## Task details
Retype the whole listing verbatim and keep the pictures out of it.

## Collected material
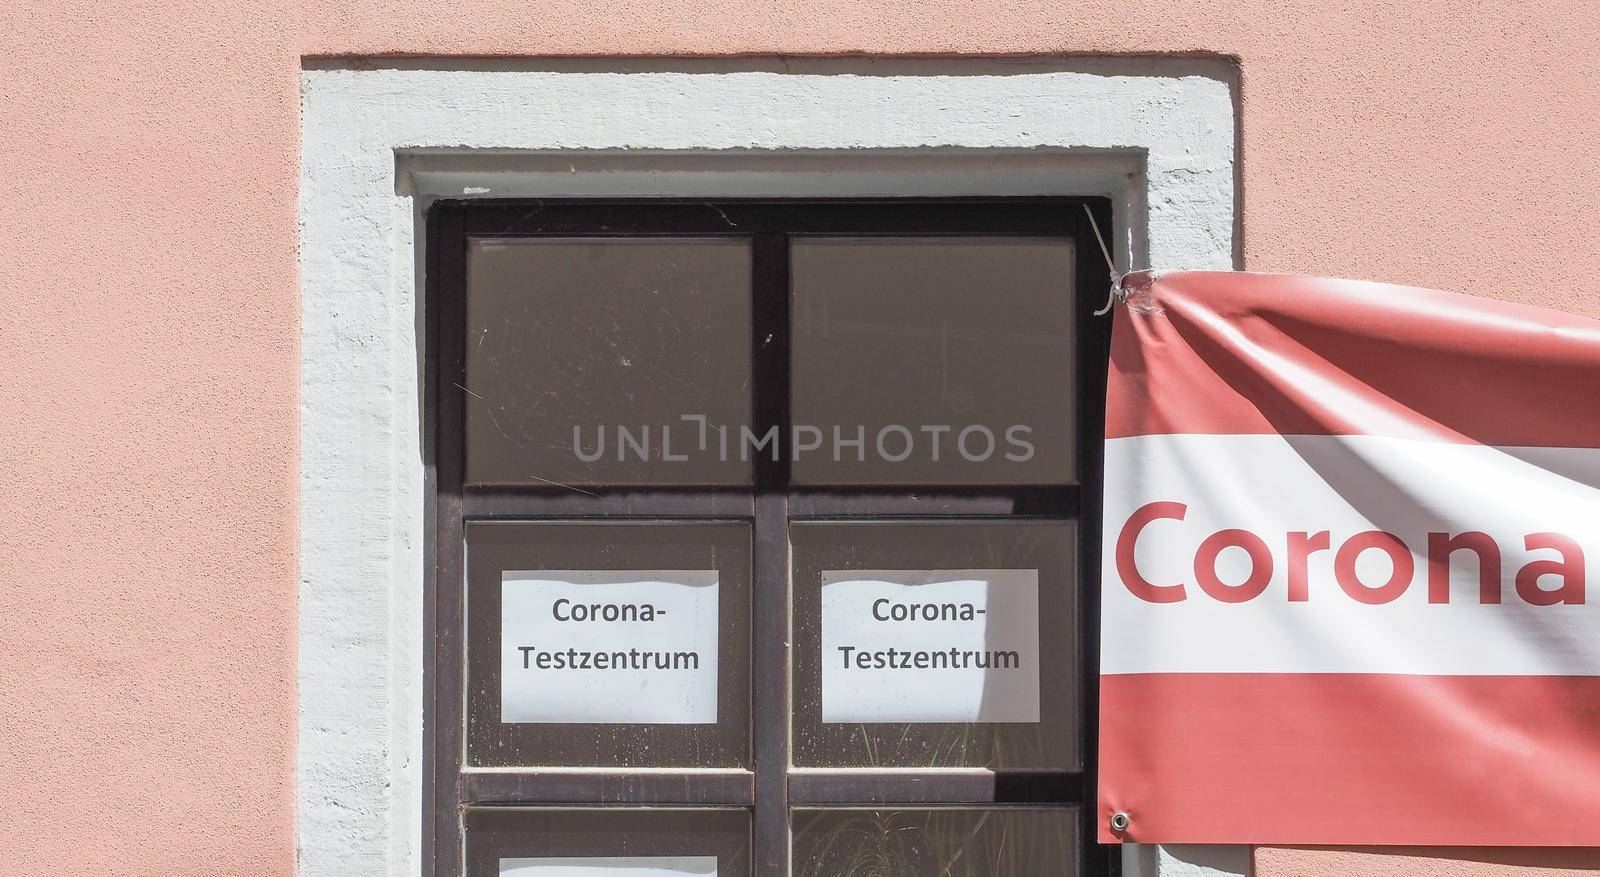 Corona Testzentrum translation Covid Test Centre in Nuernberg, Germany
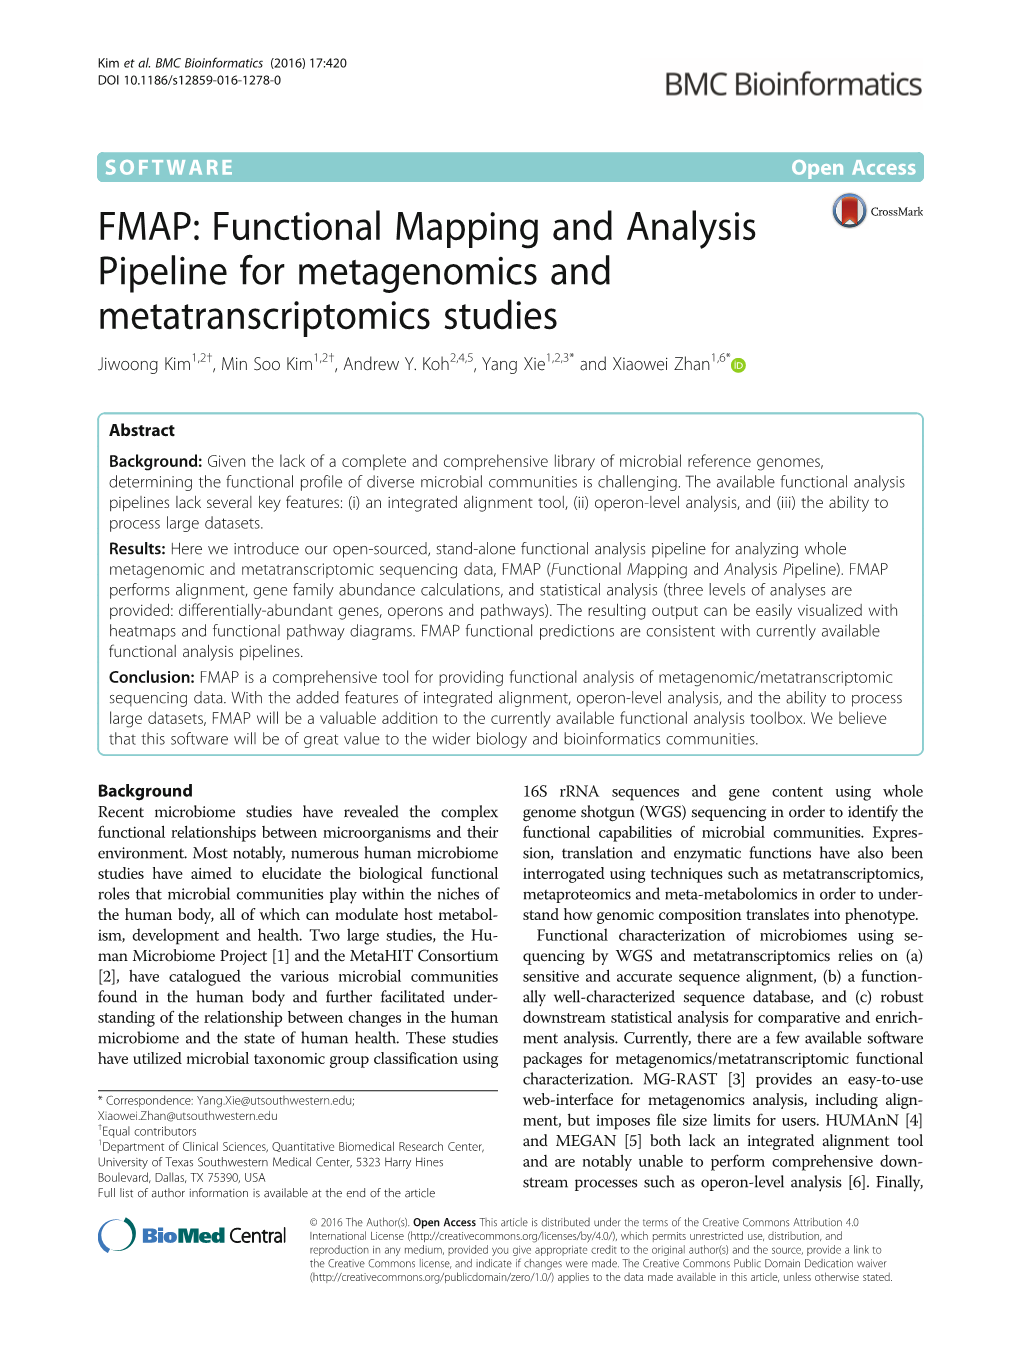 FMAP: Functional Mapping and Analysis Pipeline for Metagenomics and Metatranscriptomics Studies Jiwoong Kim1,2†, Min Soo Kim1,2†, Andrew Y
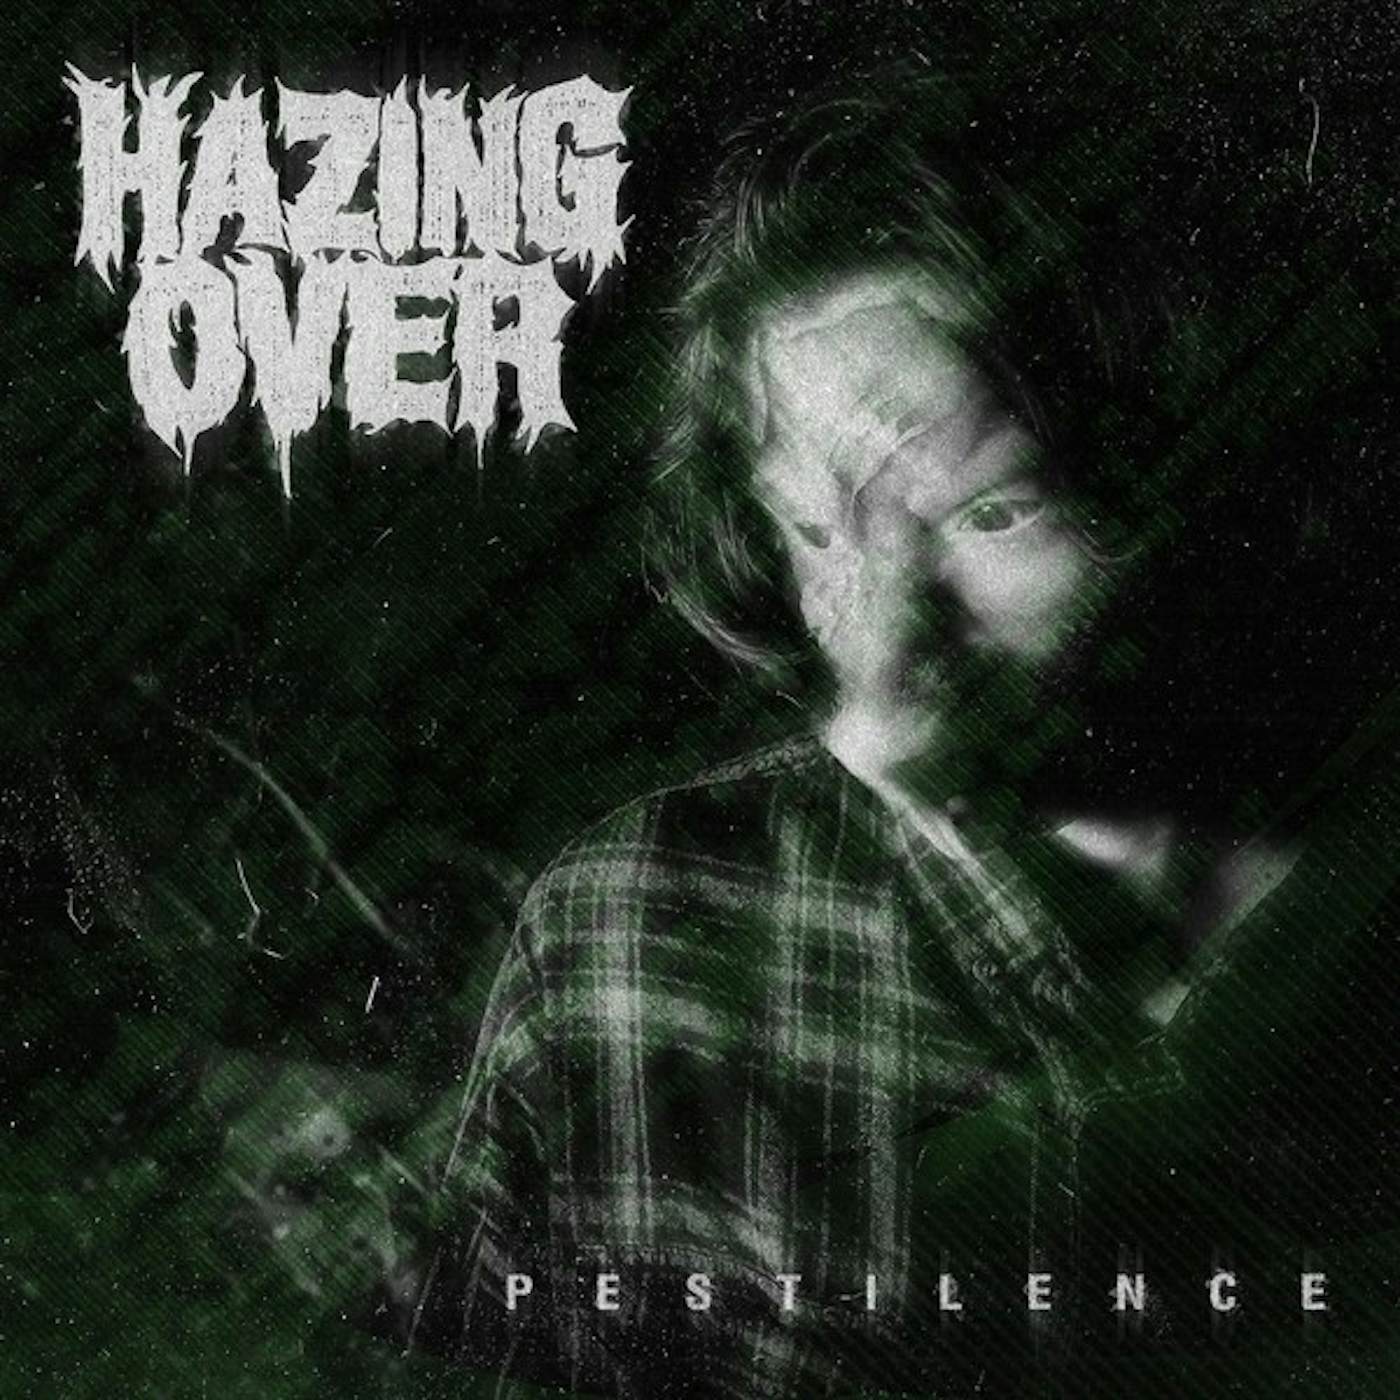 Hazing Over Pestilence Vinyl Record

## Exercise solution
 Corona Testzentrum translation Covid Test Centre in Nuernberg, Germany
 FMAP: Functional Mapping and Analysis Pipeline for Metagenomics and Metatranscriptomics Studies Jiwoong Kim1,2†, Min Soo Kim1,2†, Andrew Y
 Hazing Over Pestilence Vinyl Record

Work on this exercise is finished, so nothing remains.